Но в этот раз мать Селены не просто говорила «по-африкански», она орала, не боясь, во все горло. Дневные работы завершились, спускались сумерки, и люди подходили к дверям хижин, интересуясь, кто и из-за чего там шумит, нарушая вечерний покой. Увидев и поняв, они смеялись или жалели, в зависимости от характера. Мужчины, глядя на Селену, облизывались и думали о чем-то своем, а женщины хохотали, хлопали себя по ляжкам и визжали счастливым хором.
– Твоя очередь, твоя очередь! – кричали женщины. – Теперь ты такая же, как и все другие. – И они кивали друг дружке, довольные, что эта задавака наконец-то займет свое место.
– Где твоя мисс Джини? – дразнили они. – Позвать ее из Парижа?
Дети прыгали, смеялись, довольные развлечением, хоть и ничего не понимали. Подрастут – поймут. Особенно девочки.

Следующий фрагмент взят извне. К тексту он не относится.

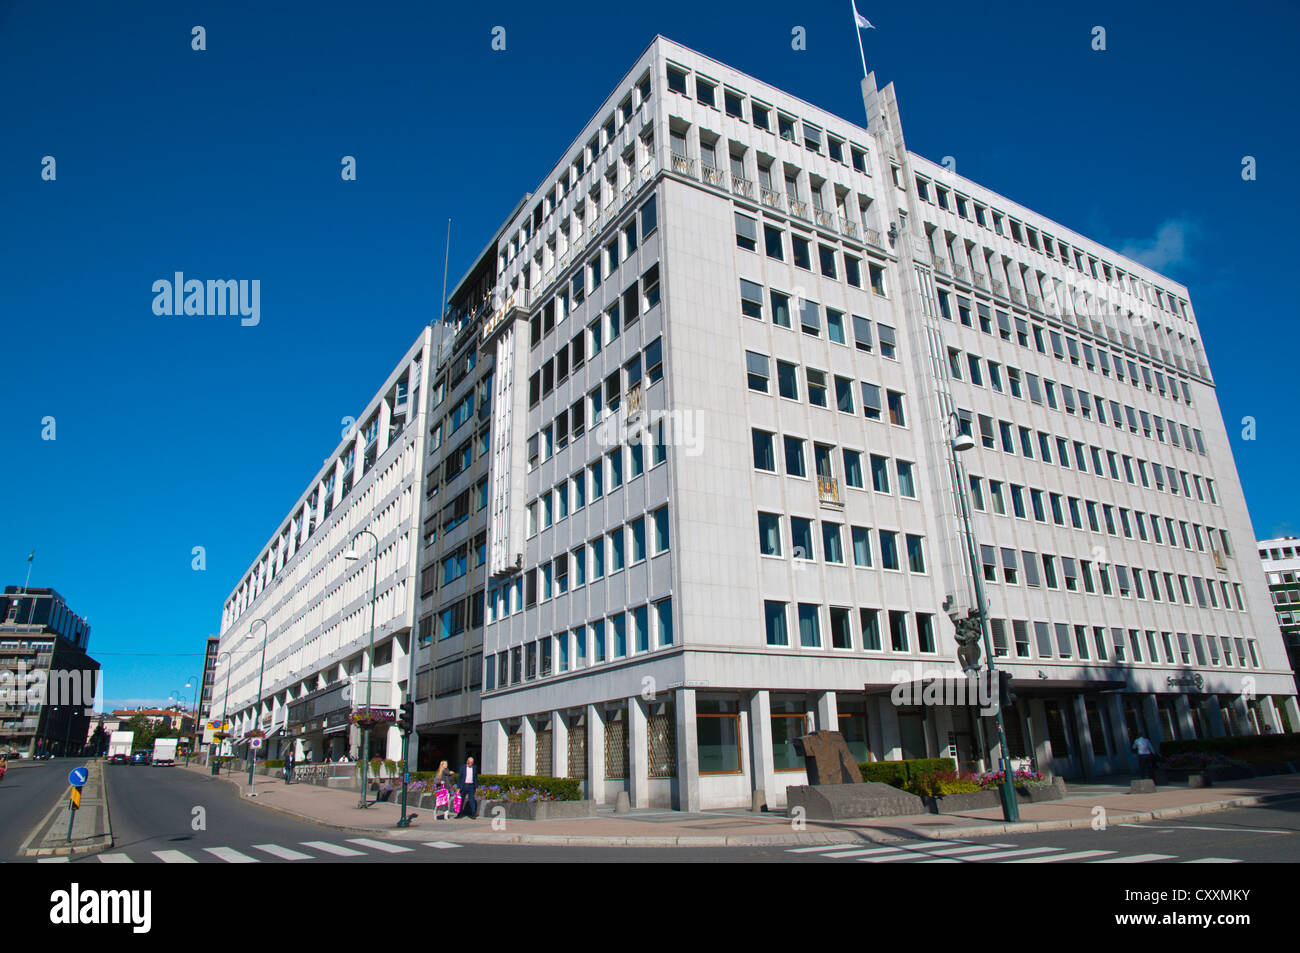 Office buildings along Dronning Mauds gate street Vika district Sentrum central Oslo Norway Europe Stock Photo

Ярд за ярдом мать волокла Селену; Они миновали линию хижин, показался большой хозяйский дом; В траве сварливо скрипели кузнечики, на небо выползла луна, сияли и подмигивали звезды. Дети отстали, потому что оказаться у хозяйского дома никому не хотелось. Все понимали, что от него нужно держаться подальше.

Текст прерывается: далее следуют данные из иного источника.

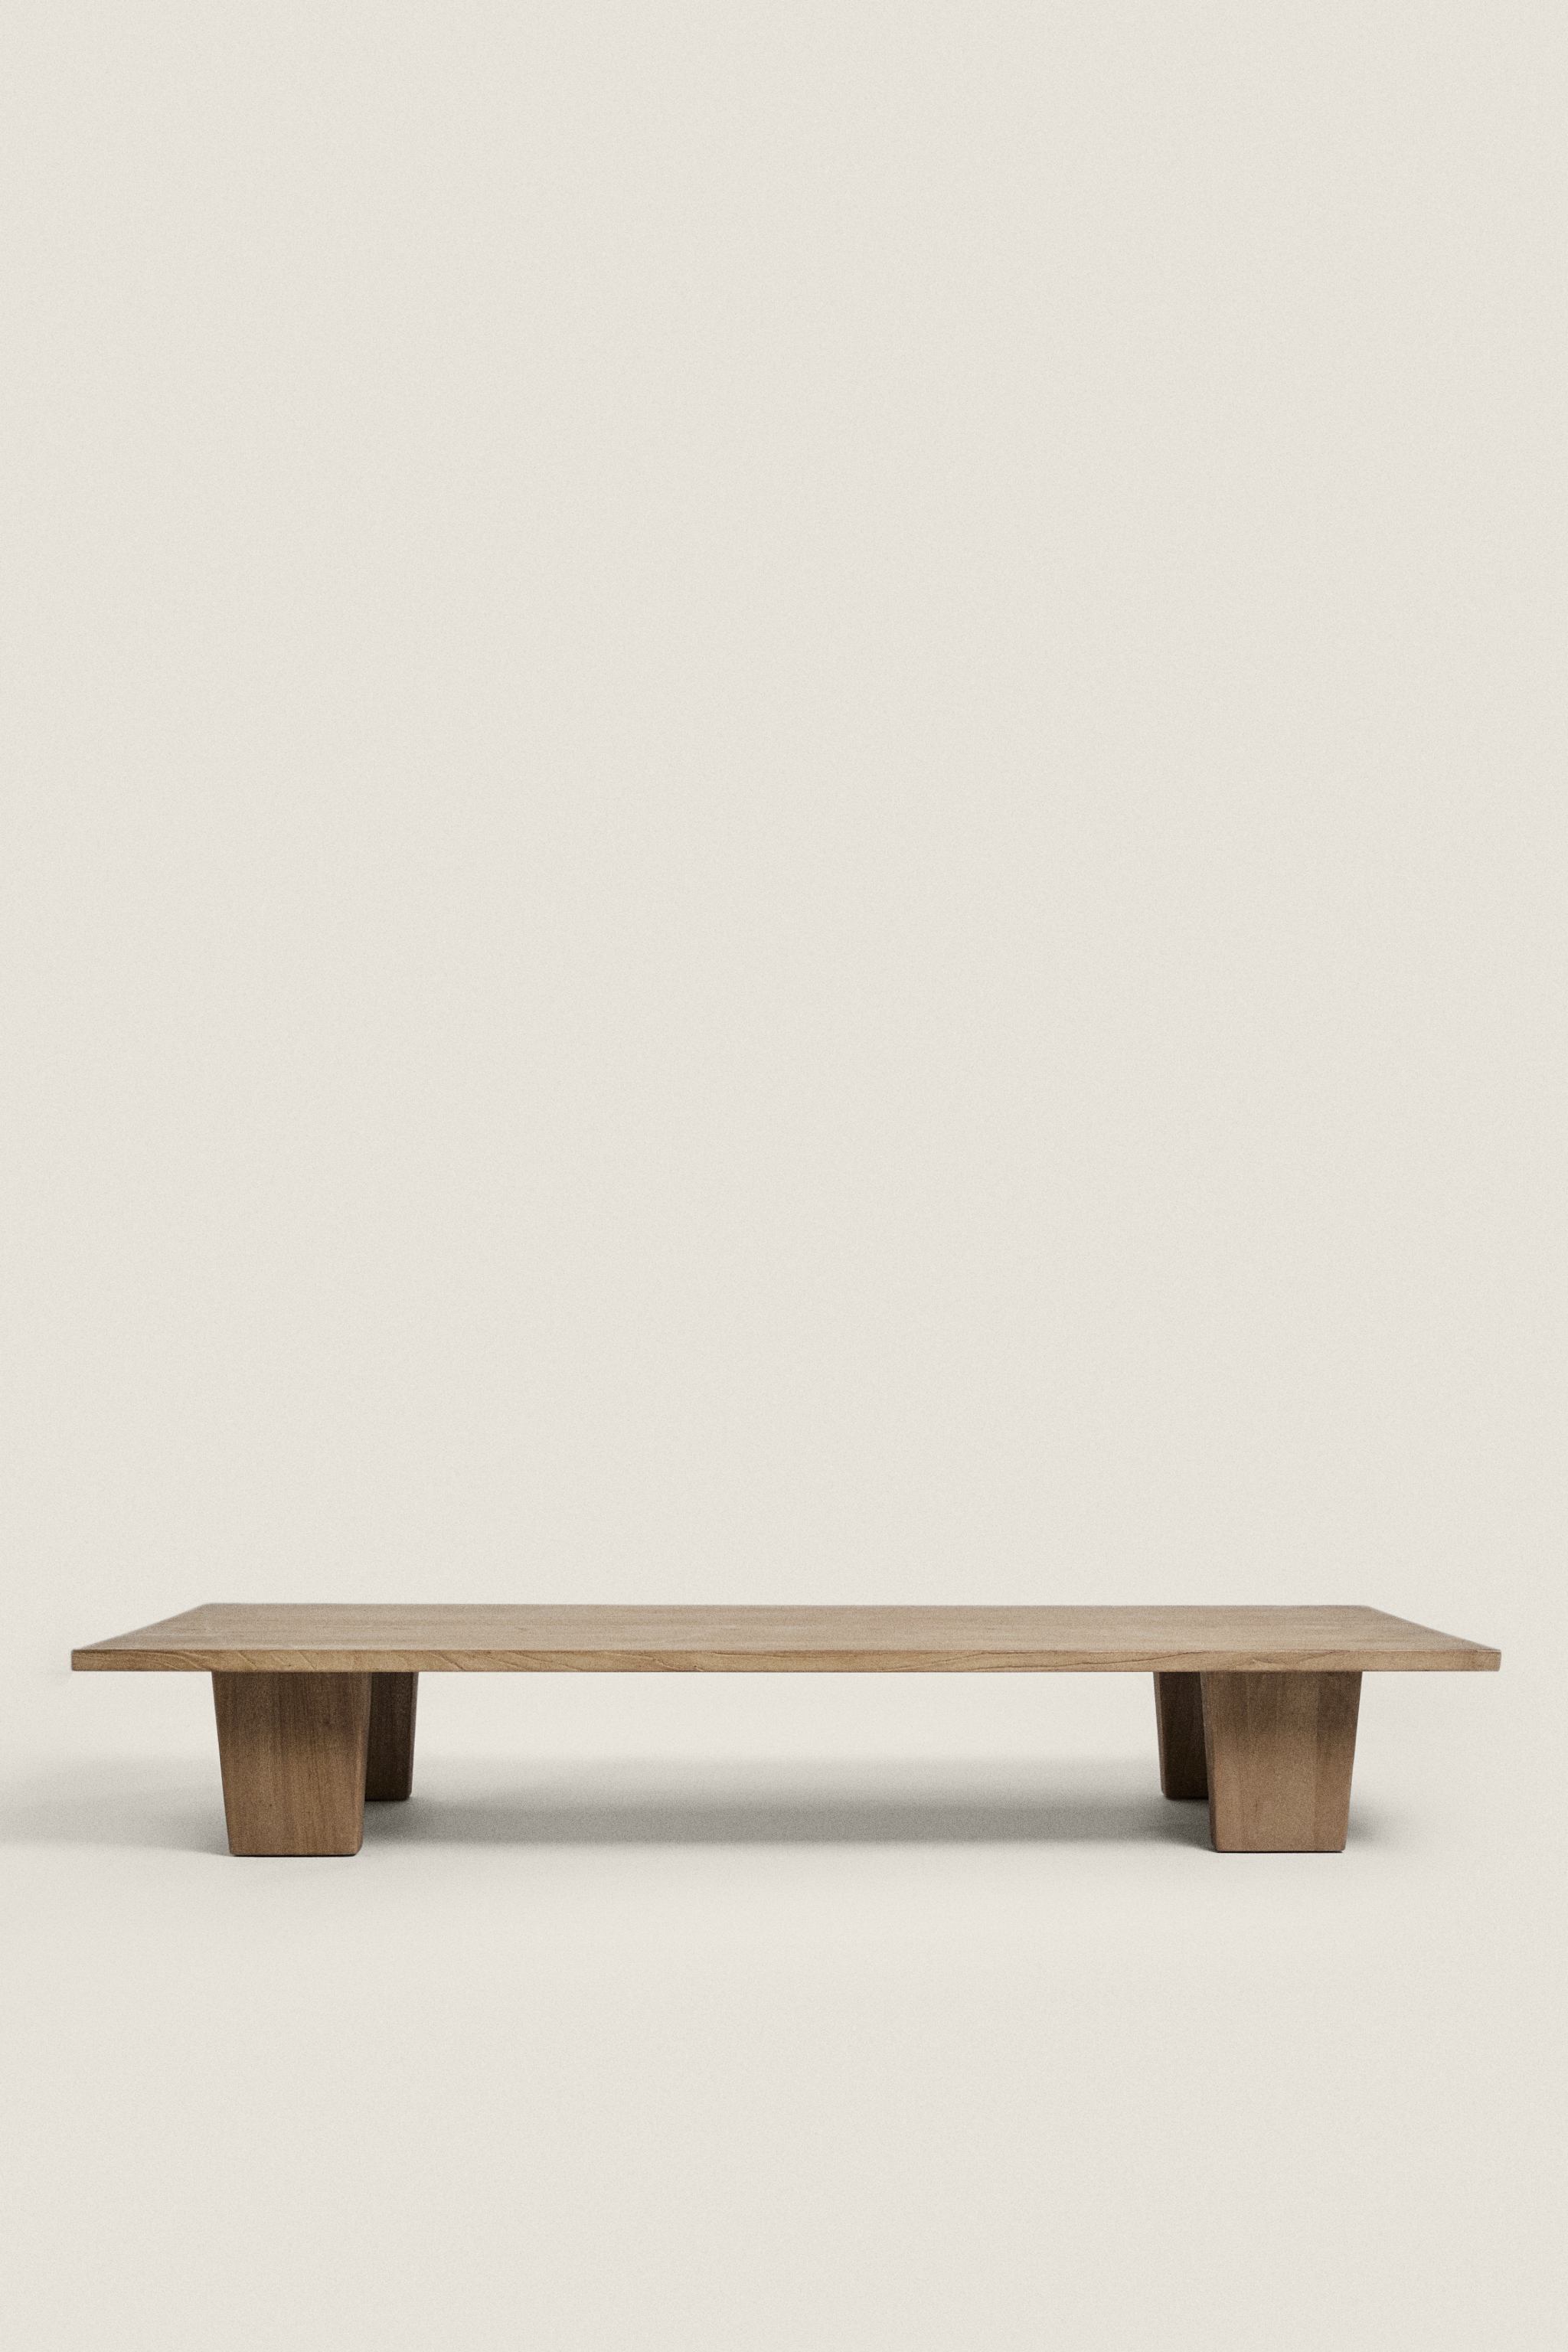 ELM WOOD CENTER TABLE/ COFFEE TABLE

Большой дом сиял светом и гремел музыкой. Хозяин и хозяйка принимали гостей. Белые гости приезжали издалека, там ни один из негров не бывал. Перед домом скопилось множество колясок, но мать тащила Селену не туда, не к фасаду – туда рабам тоже ходить не разрешалось. Они приблизились к аккуратному дому с верандой и выбеленными дощатыми стенами, в котором жил надсмотрщик Сэм, в отдалении от развалюх черного народа и близко к дому хозяина, чтобы не надо было долго звать.
Сэм существо особое. У него на ногах сапоги, на голове шляпа белого человека, ему даже оружие доверили. Сейчас он сидел на крыльце, положив ружье на колени.

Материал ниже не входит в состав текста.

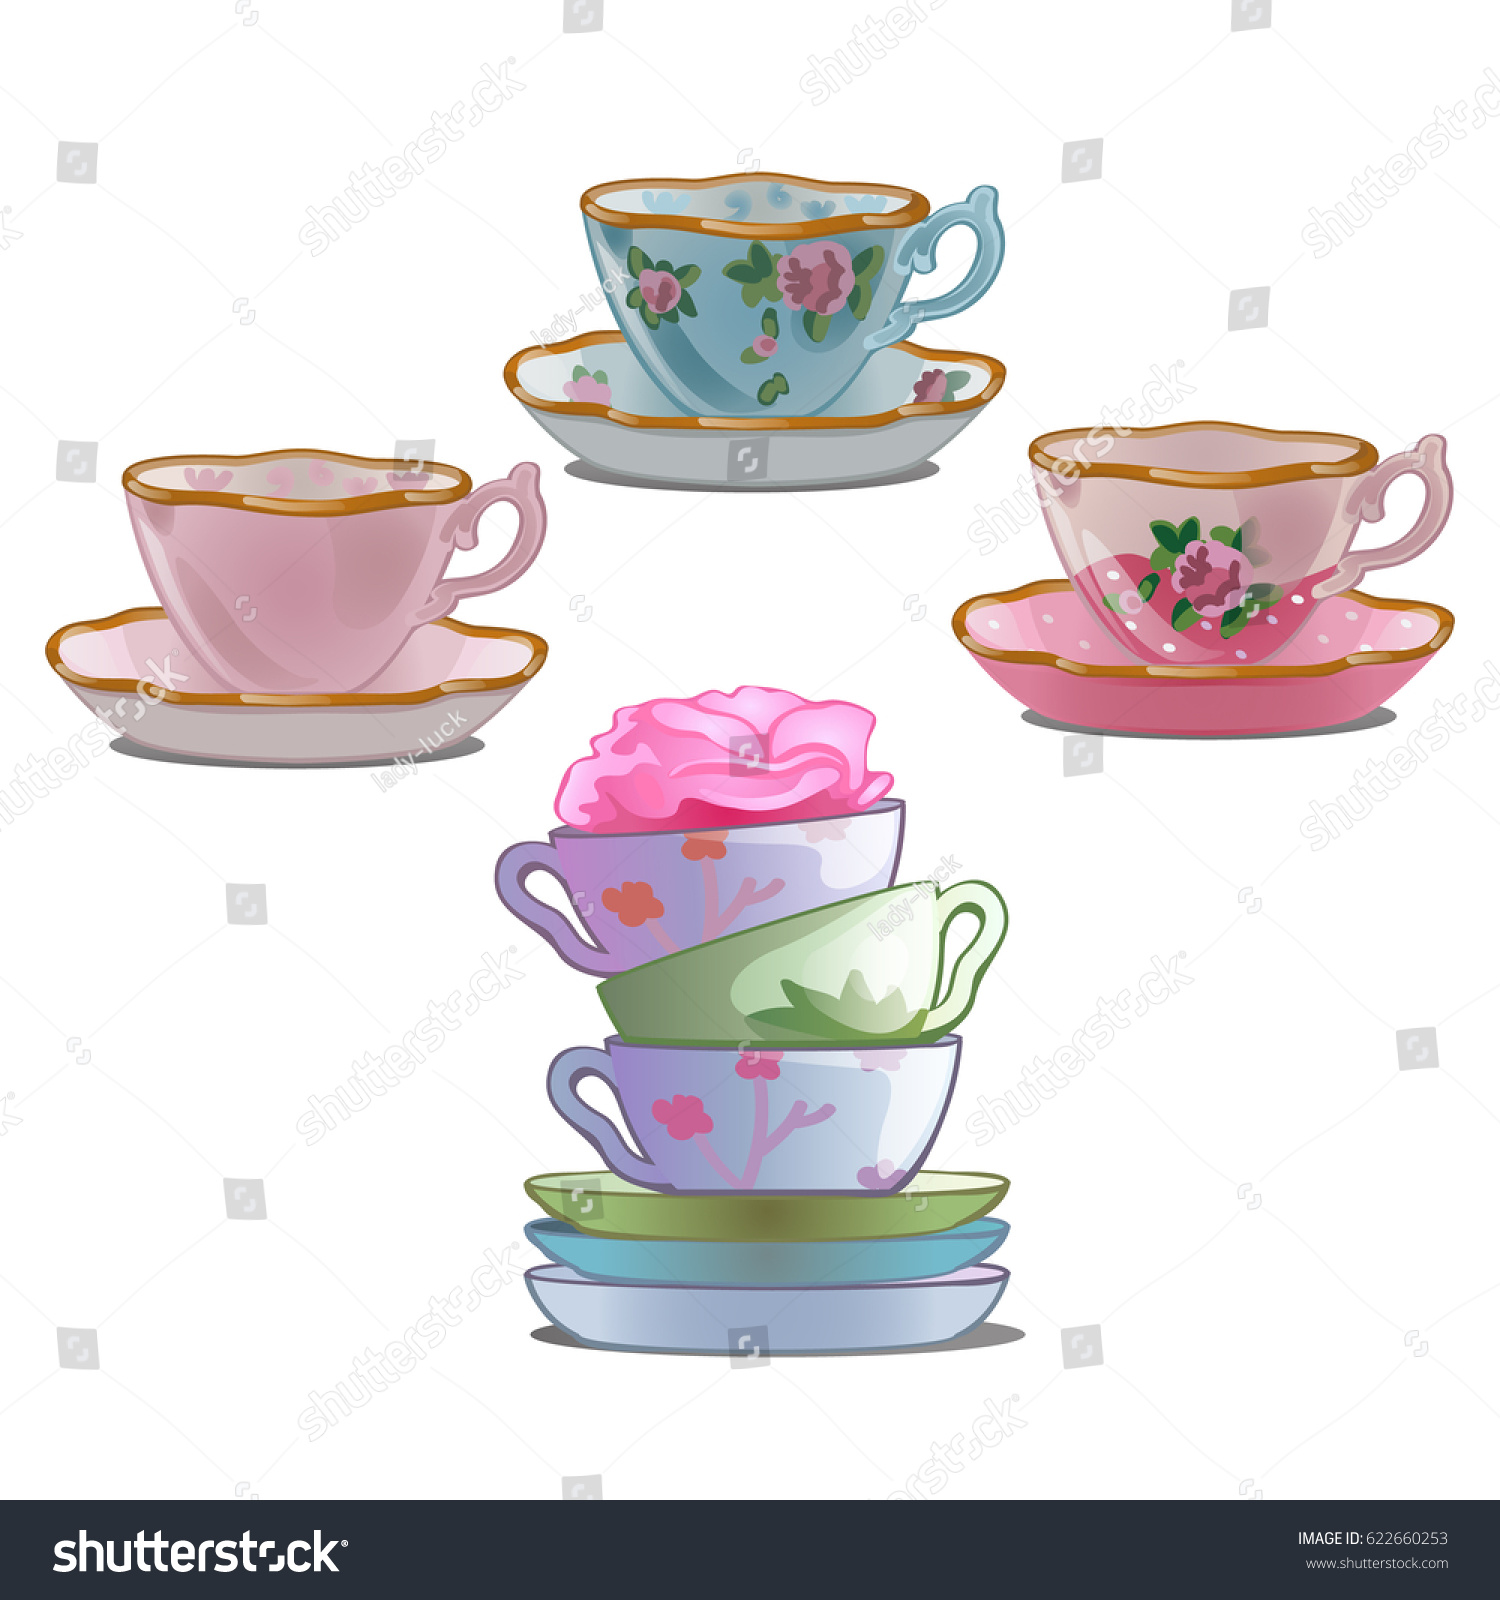 The set of dishes of Chinese porcelain for the tea ceremony isolated on white background. Vector cartoon close-up illustration. #622660253

Мать подтащила Селену к ступенькам. Сэм молод и силен, за силу его и произвели в надсмотрщики, он с любым негром без всякого ружья справится. Увидев Селену, Сэм восхищенно покачал головой.
– Ого-го, созрели яблочки! – воскликнул Сэм и запустил руку за пазуху Селене. Она рванулась, «яблочки» соблазнительно затрепыхались, а мать изо всей силы ударила Сэма по руке.
– Нет, нет! – закричала мать. – Убрать лапы! Не твое!
Сэм зарычал и поднял мушкет, чтобы ударить наглую тварь, посмевшую его оскорбить.
– Лапы прочь держать, ниггер! – закричала ему женщина. – Моя Селена для хозяина, да! Хозяин для нее все сделать, да! Селена сказать, спустить шкуру с задницы Сэма, и хозяин отодрать черную задницу, да! Сэм сидеть на животе, ха-ха!
Сэм замер. Верно орет паскудная баба. Запросто. Понравится хозяину девчонка, и чего он для нее не сделает… особенно такую мелочь, как с раба шкуру спустить… Мало, что ли, Сэм такого навидался… Только сам пока не пробовал. Да и не желал бы. Он опустил ружье.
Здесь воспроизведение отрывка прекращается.